++++ Given data ++++

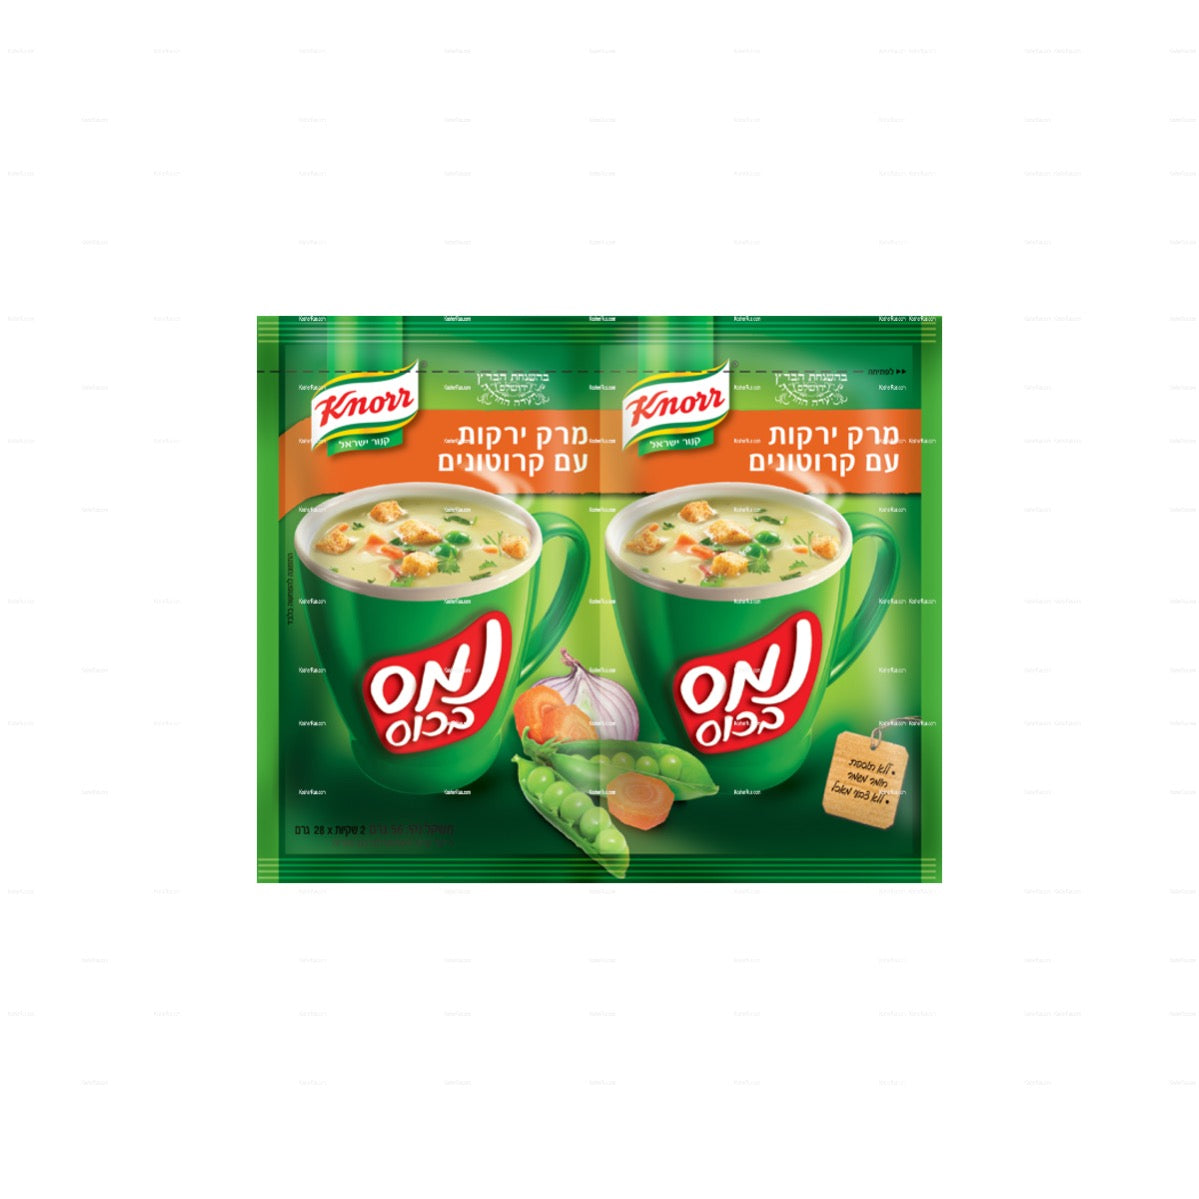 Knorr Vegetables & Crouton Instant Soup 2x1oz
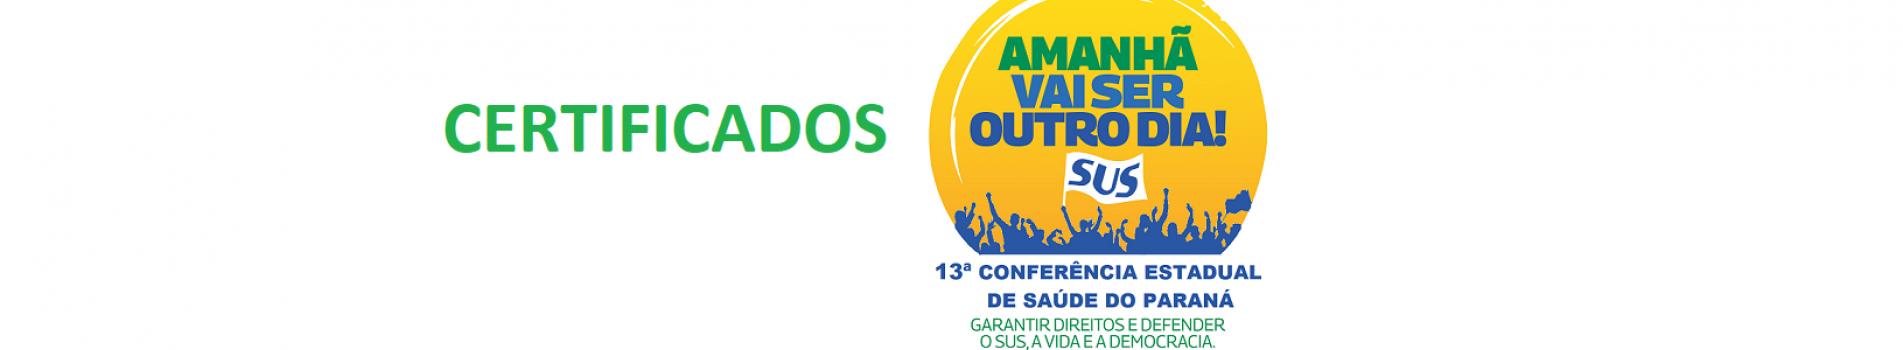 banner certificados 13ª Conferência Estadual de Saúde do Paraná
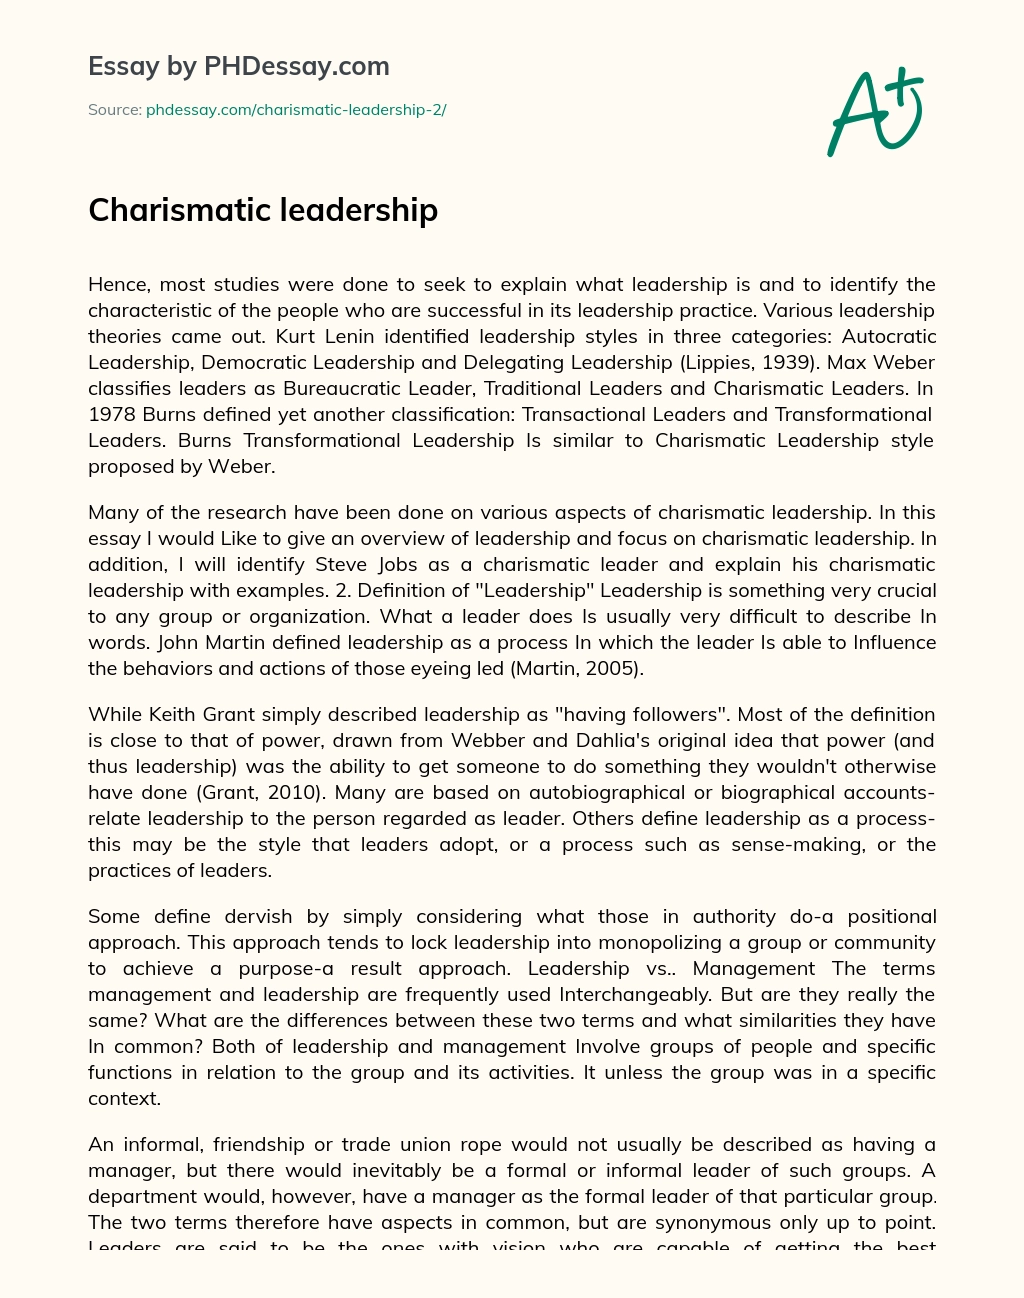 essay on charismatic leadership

++++

In your copy of the material, match every word exactly and include no pictures.

Task response:
 Knorr Vegetables & Crouton Instant Soup 2x1oz
 banner certificados 13ª Conferência Estadual de Saúde do Paraná
 essay on charismatic leadership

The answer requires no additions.